Hegemony and After: What can be said about the future of American global leadership.

Dominant role in politics is not easy in a longer time. This writing deals about why United States is not destined to decline it´s world leadership. The article has relevant value in the study of International Relationship because many authors like Robert Kagan in his book  “The World America Made” and “Power and Willpower in the American Future: Why the United States Is Not Destined to Decline” by Robert J. Lieber, establish that the U.S has played a dominant role in the world politics in the last 60 years.

Recently USA has experienced two problems to maintain this leadership: China’s rising power and American economic, political and military malaise. The future of the U.S as a world political leader has two tendencies: optimistic and pessimist. Kagan an Lieber are two optimists, they analyze the U.S in the past, present and future in the role of leader of the global order and they do not give importance to multilateral institutions. They sustain that during this leadership the global economy has grown and democracies has quadrupled. United States promoted peace, prosperity and political liberalization and this is important in maintaining the world order.

It is a fact that the lack of common government means that the order depends on threats and  promises. Kagan opposes to other authors but he does not offer data or systematic evidence. Other authors sustain that the world politics is uncertain and characterized by natural absence of harmony.

Theorist and practitioners make efforts to avoid disorder in the world, so they create institutions like the United Nations, World Bank, International Monetary Fund, the World Trade Organization and European Union to achieve cooperation between states.

Kagan states that other nations accept dominance of the U.S because they approve the American values and believe that this countries may eventually need American power. I have personally experienced how the U.S forces countries (like Mexico and other Latin America States) to act in a certain way, with the threat of removing the support that it provides them.

Kagan does not give relevance to the efforts of the UN, the World Bank and European Union, he fails to mention that the UN Security Council has always being operated with vetoes possibly by any of the five permanent members (China, France, Russia, United Kingdom and of course United States) showing that there can not be authority above these States and there is a extensive literature about how some States use the UN and other institutions to pursue their own interests. Kagan does not make a serious analysis of how much military power United States needs to maintain its leadership. Lieber agrees with Kagan arguing that it is important to maintain the leadership, otherwise the result would be a disorderly and dangerous world. Lieber arguments are similar to Kagan because he dismisses multilateralism as ineffective, paying less attention to it´s successes.

The main failure of these book is to distinguish what is known and what is unknown. There are things relevant to the future of the U.S global role. First, in the absence of leadership, world politics suffer from collective actions problems, it generates uncertainty, insecurity and lack of cooperation. Second, leadership is more effective by creating institutions to share responsibilities and they probably do not resolve all disagreement, but this make cooperation easier. Third, leadership is costly and the responsibilities must be shared. Fourth, in democracies like the U.S people are not interested in politics, they care more in welfare and tax cuts but pay less attention to military spends and foreign affairs, so the investing in international leadership is tending to decline. Fifth, the autocracies are less stable than democracies. Lacking the law of transitions, the former is subject to repeated internal political crisis. Finally, we know that only the U.S has the material and political capacity to exercise leadership. They had the ability to solve economic and political problems, although they have domestic partisan troubles to deal with.

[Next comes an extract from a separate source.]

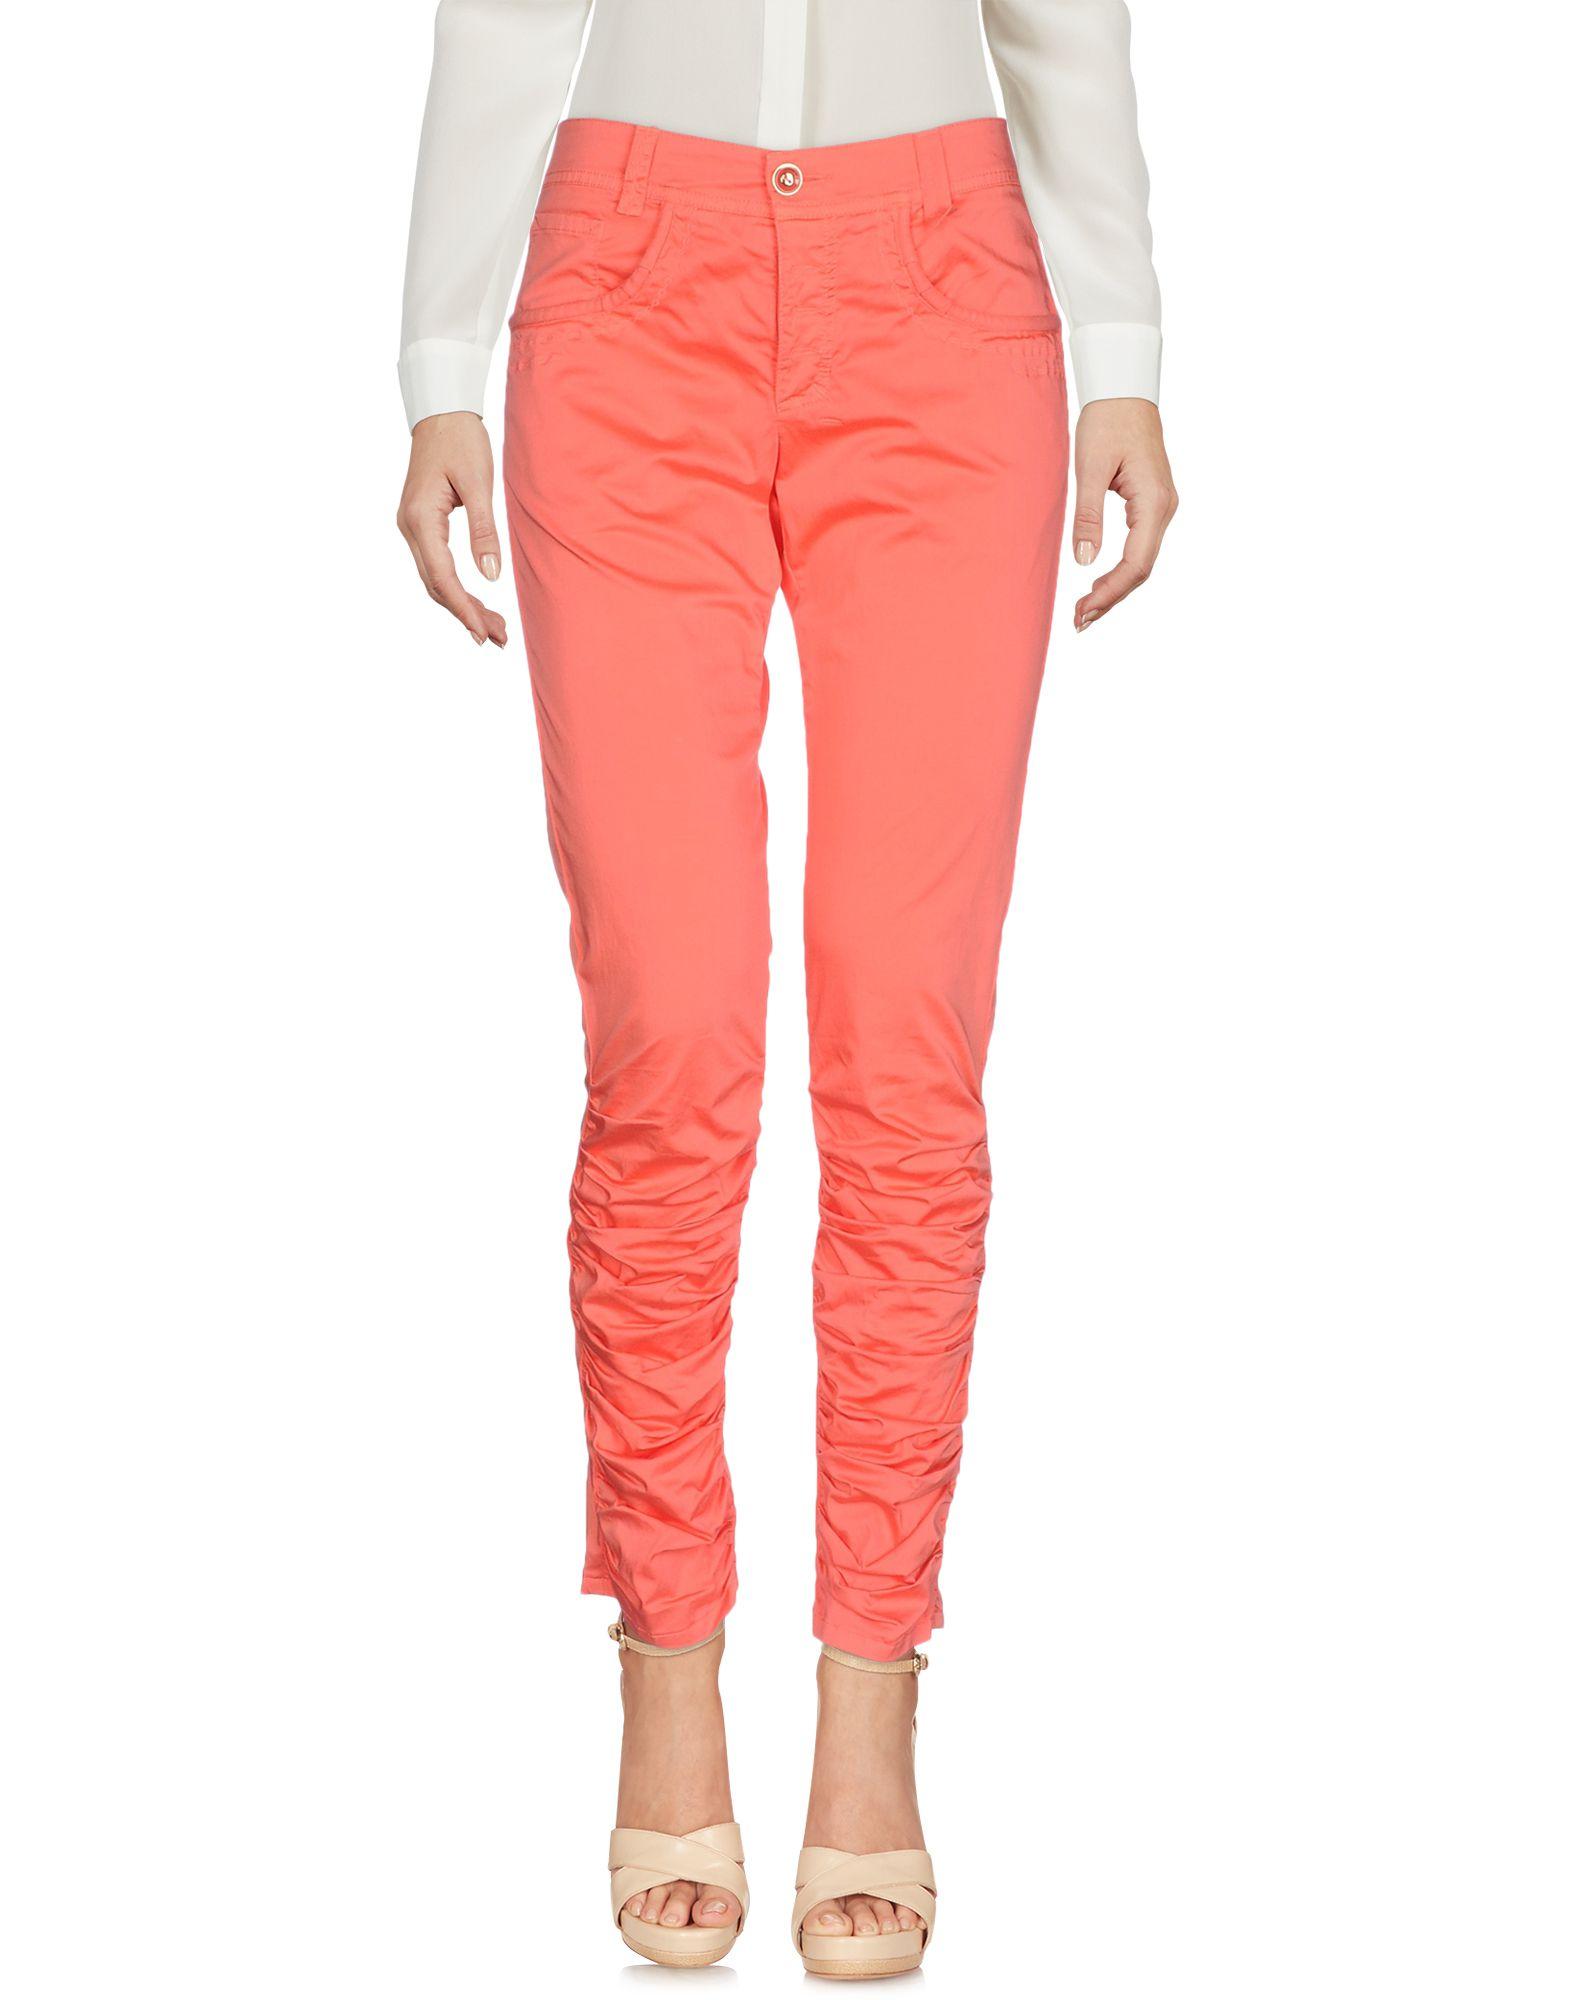 Pantalone Pantalone Annarita N donna - 13156375NG  Markenverkauf

What we do not know is important too and I consider relevant for the future leadership. Will the major powers of international system, mainly China, maintain their social and political coherence to avoid civil war? Will the instabilities of the global economy be corrected? Will ideologically regimen like Iran be prudent or may use nuclear weapons and potentially threaten states react prudently? Will the tendency of democracy be maintained?

The most important issue dealing here: can United States maintain the power and willpower to sustain the political leadership?

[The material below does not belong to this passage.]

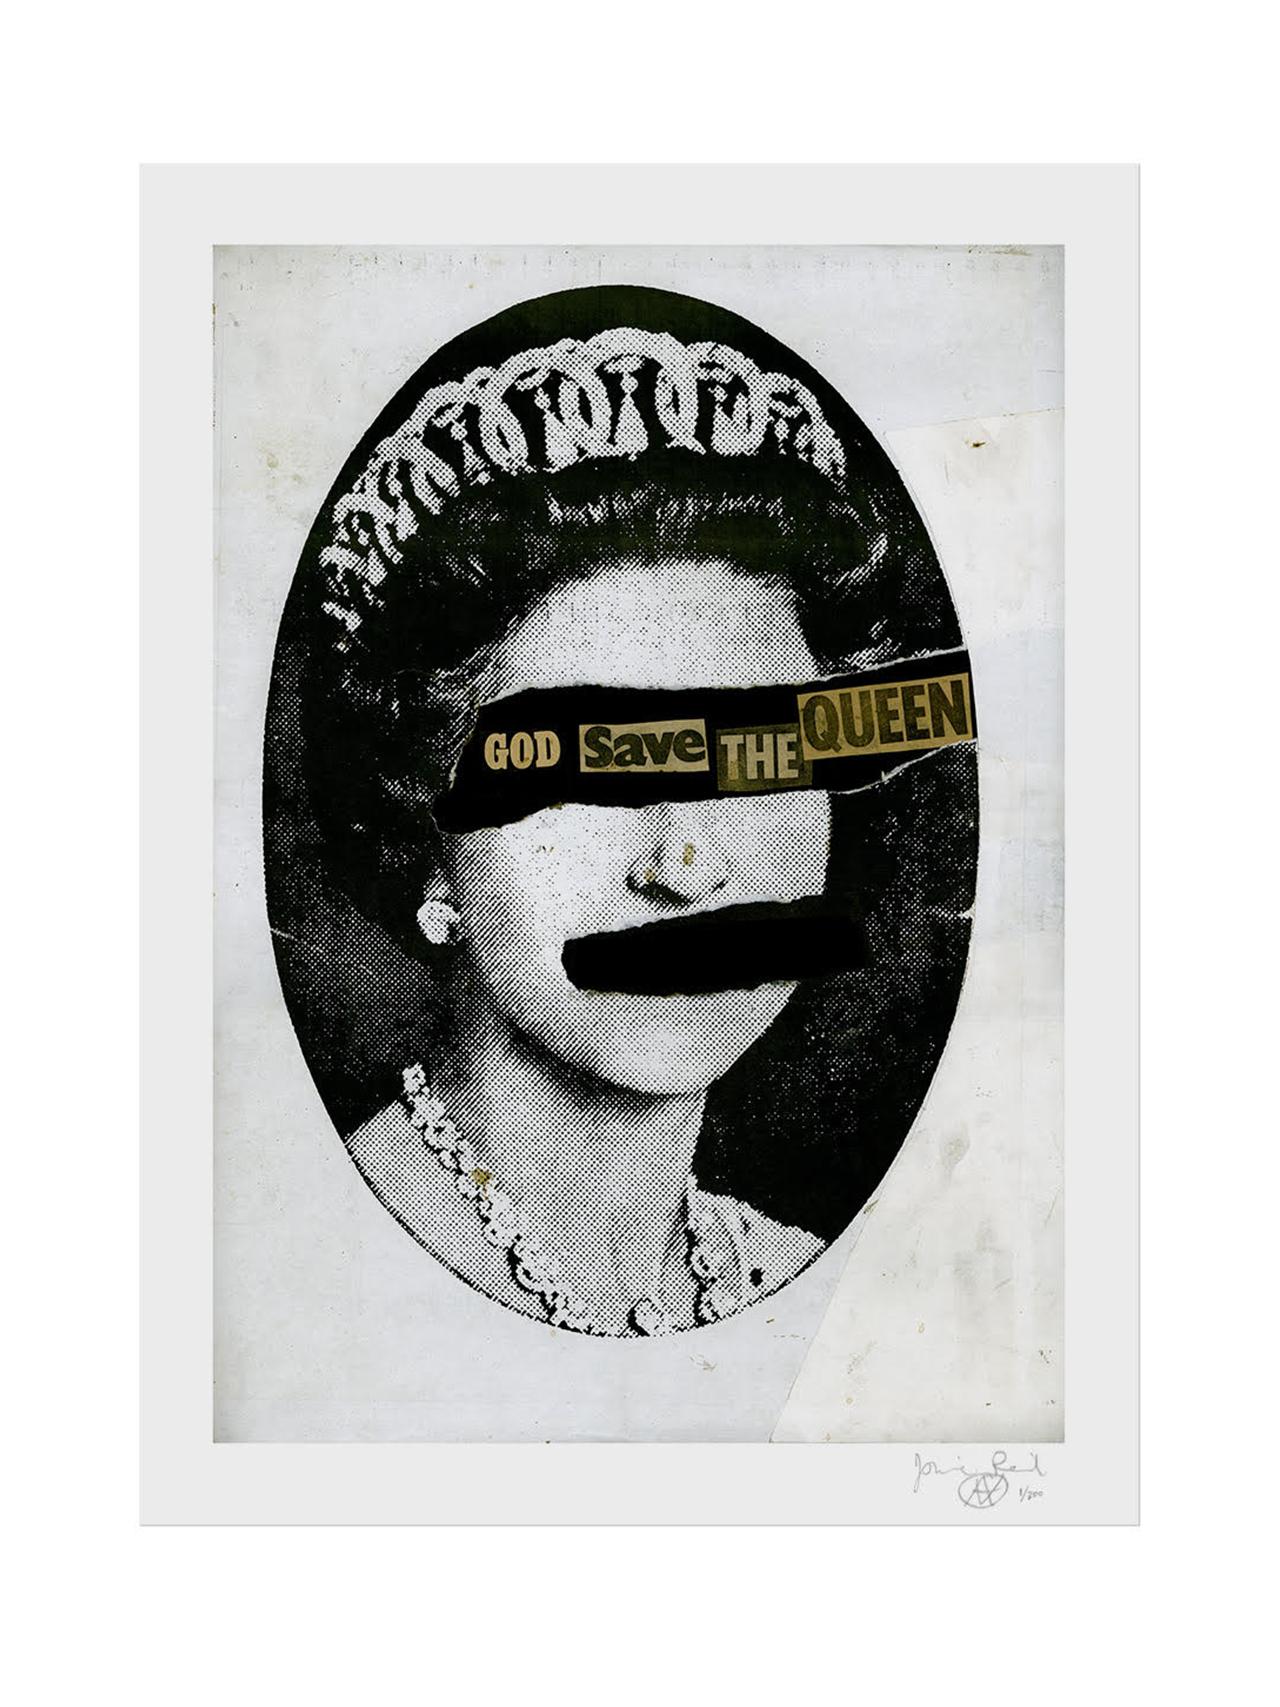 God Save The Queen Collage / Jamie Reid

This lecture helped me to understand the International Relations, because I consider that the U.S has an important role in the world leadership (in the last 60 years), but the pessimist and optimist about the maintenance of this leadership tend to blend the knowledge and speculation and make their conclusions based more in mood and temperament than in evidences, so the future role of the U.S is unknown and it is better not to make predictions.

I consider that institutions like the United Nations, the World Bank and European Union sometimes can not resolve all problems but they have helped to increase cooperation between countries.

It is important to the world  to have a leadership, but there must be institutions to prevent abuse of the political and economical powerful countries  against the less developed ones.